Dennis Sullivan

Personal information
- Born: 28 January 1883 Mitcham, Surrey, England
- Died: 28 November 1968 (aged 85) Harold Wood, Essex, England
- Batting: Right-handed
- Role: Wicket-keeper

Domestic team information
- 1914 to 1921: Surrey
- 1922 to 1928: Glamorgan

Career statistics
| Competition | First-class |
| Matches | 136 |
| Runs scored | 971 |
| Batting average | 7.52 |
| 100s/50s | 0/0 |
| Top score | 47* |
| Catches/stumpings | 148/94 |
- Source: CricketArchive

= Dennis Sullivan (cricketer) =

English cricketer

Dennis Sullivan (28 January 1883 – 28 December 1968) was an English cricketer who played first-class cricket for Surrey and Glamorgan from 1914 to 1928. A wicketkeeper, he also represented Wales in first-class cricket.

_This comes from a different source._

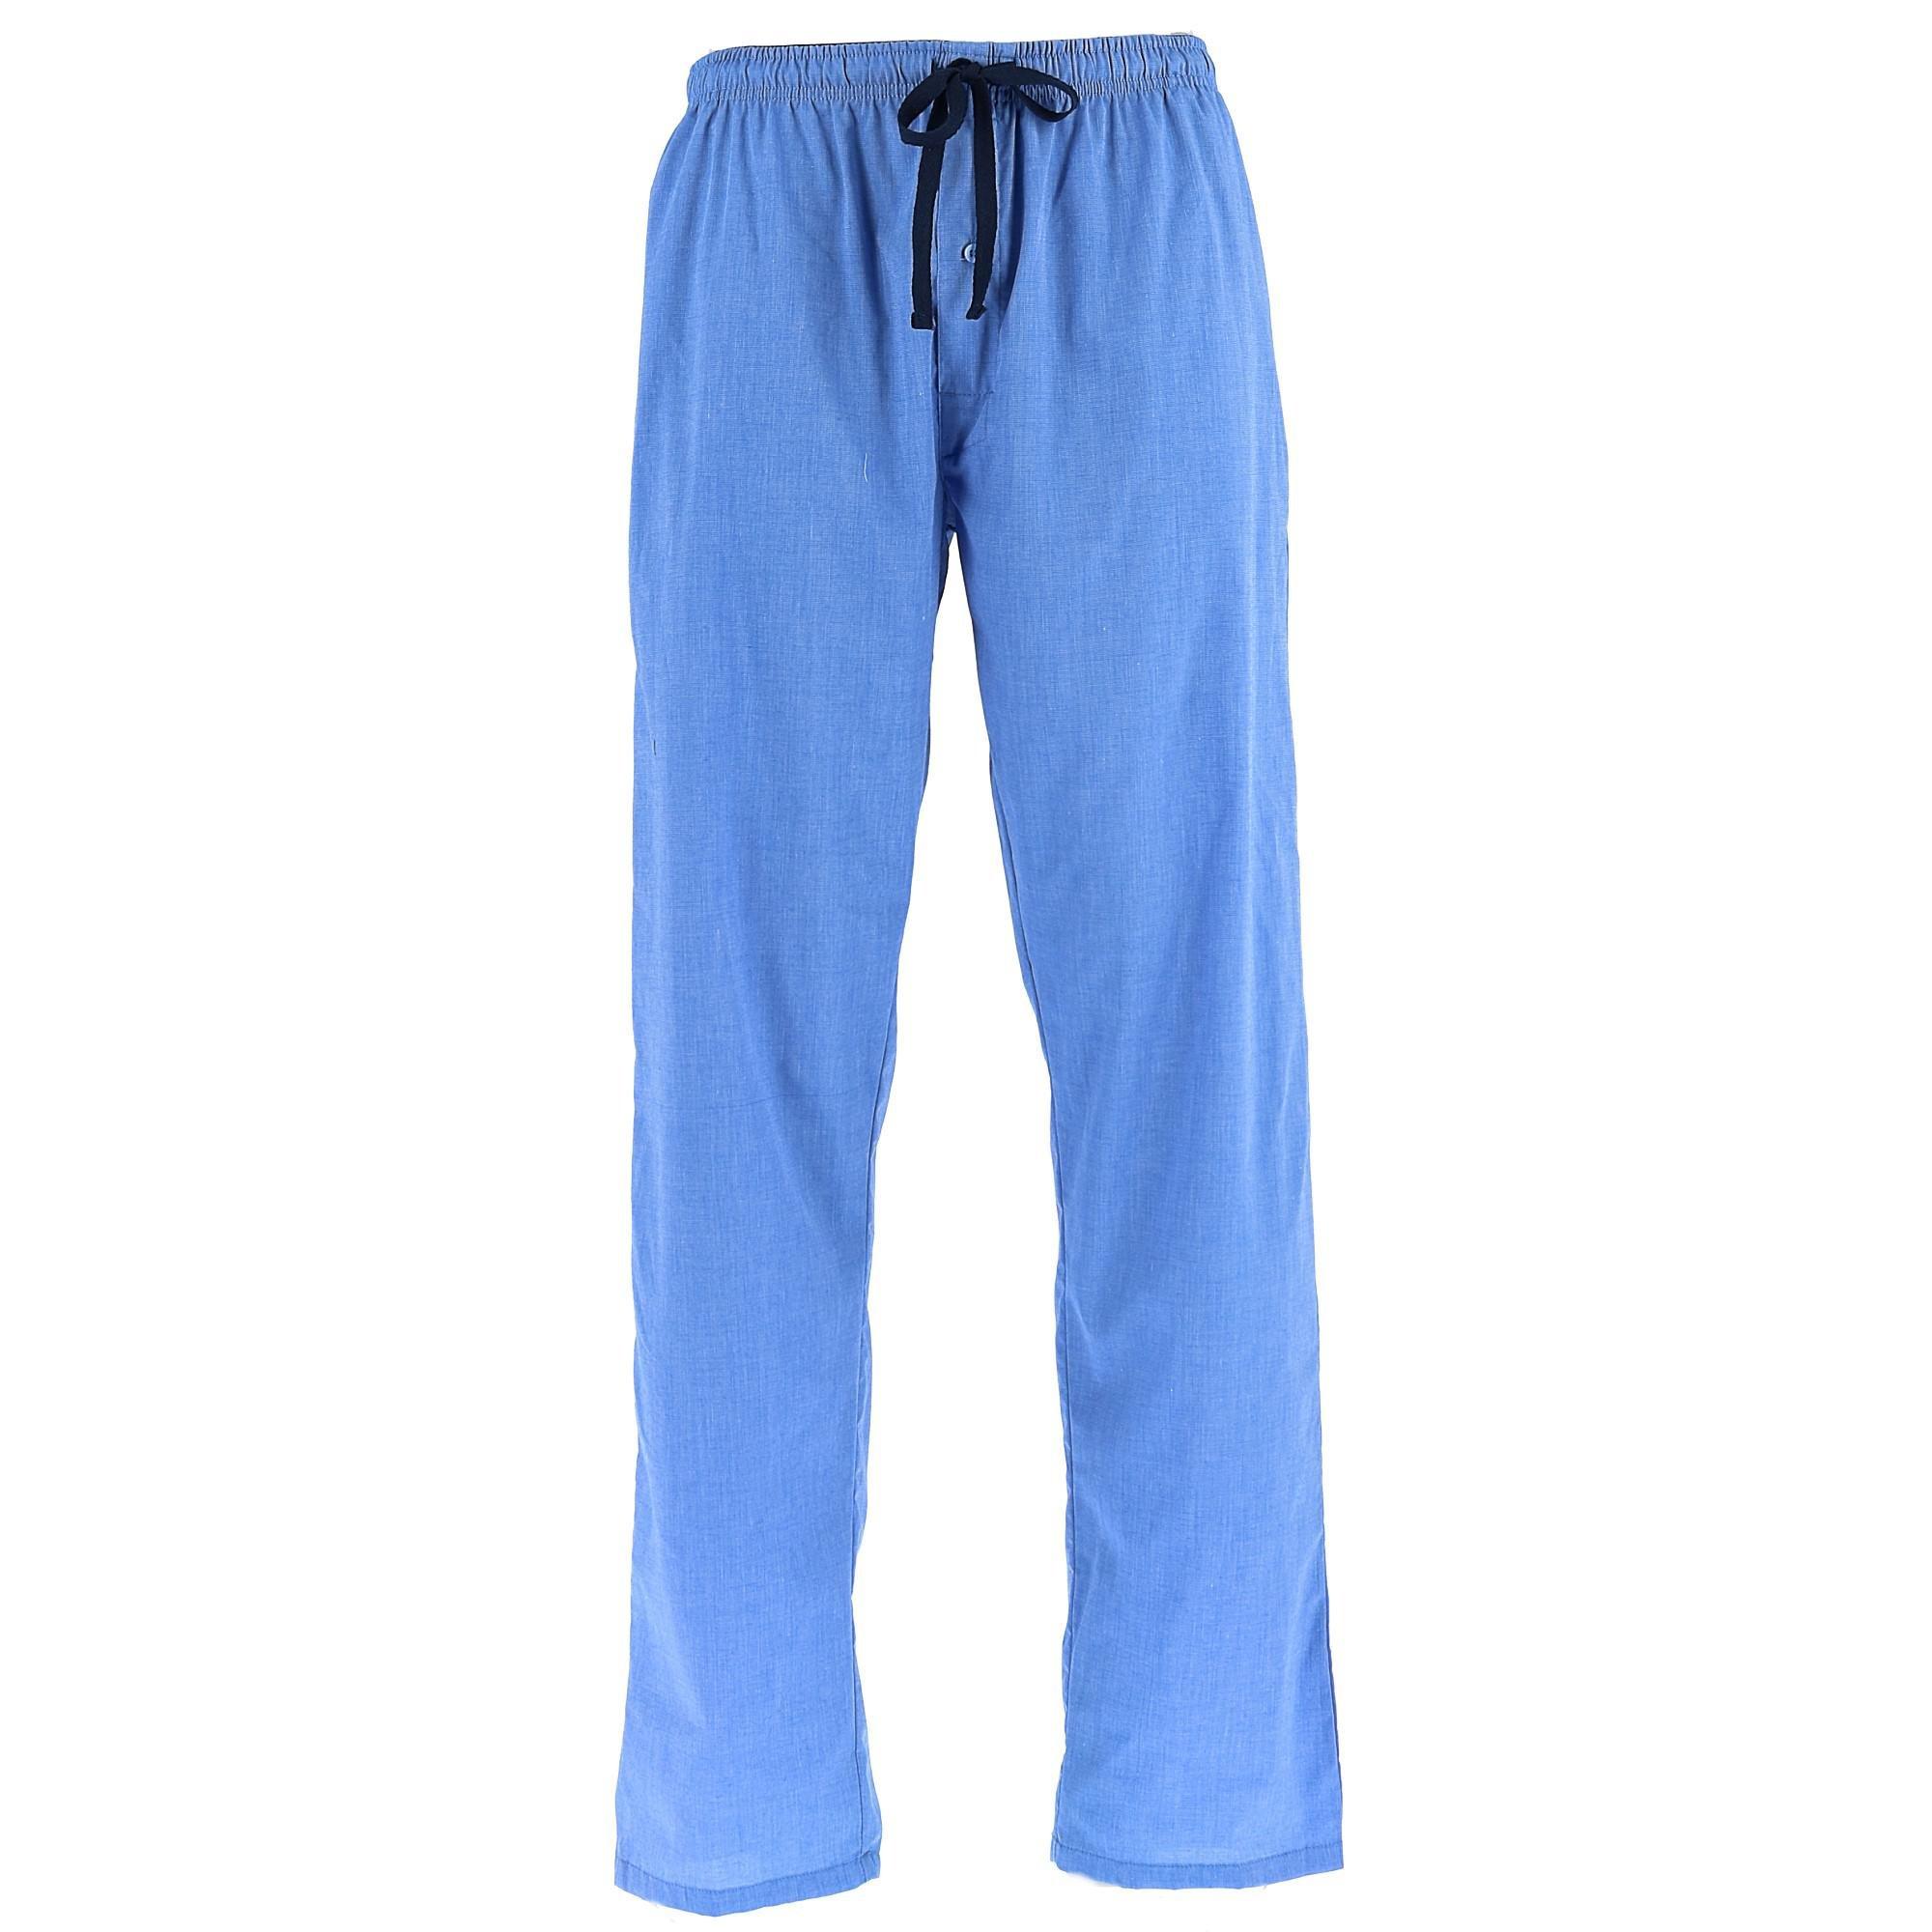 Hanes Men's Tall Size Woven Lounge Pajama Pants, XLT, Blue

Dennis Sullivan did not establish himself in the first-class game until he became Glamorgan's wicket-keeper in 1924, when he was 41. He continued as Glamorgan's chief wicket-keeper until 1928. He also made two first-class tours of Jamaica in 1926/27 and 1927/28 in teams led by Lionel Tennyson.

Sullivan's son Les became a footballer.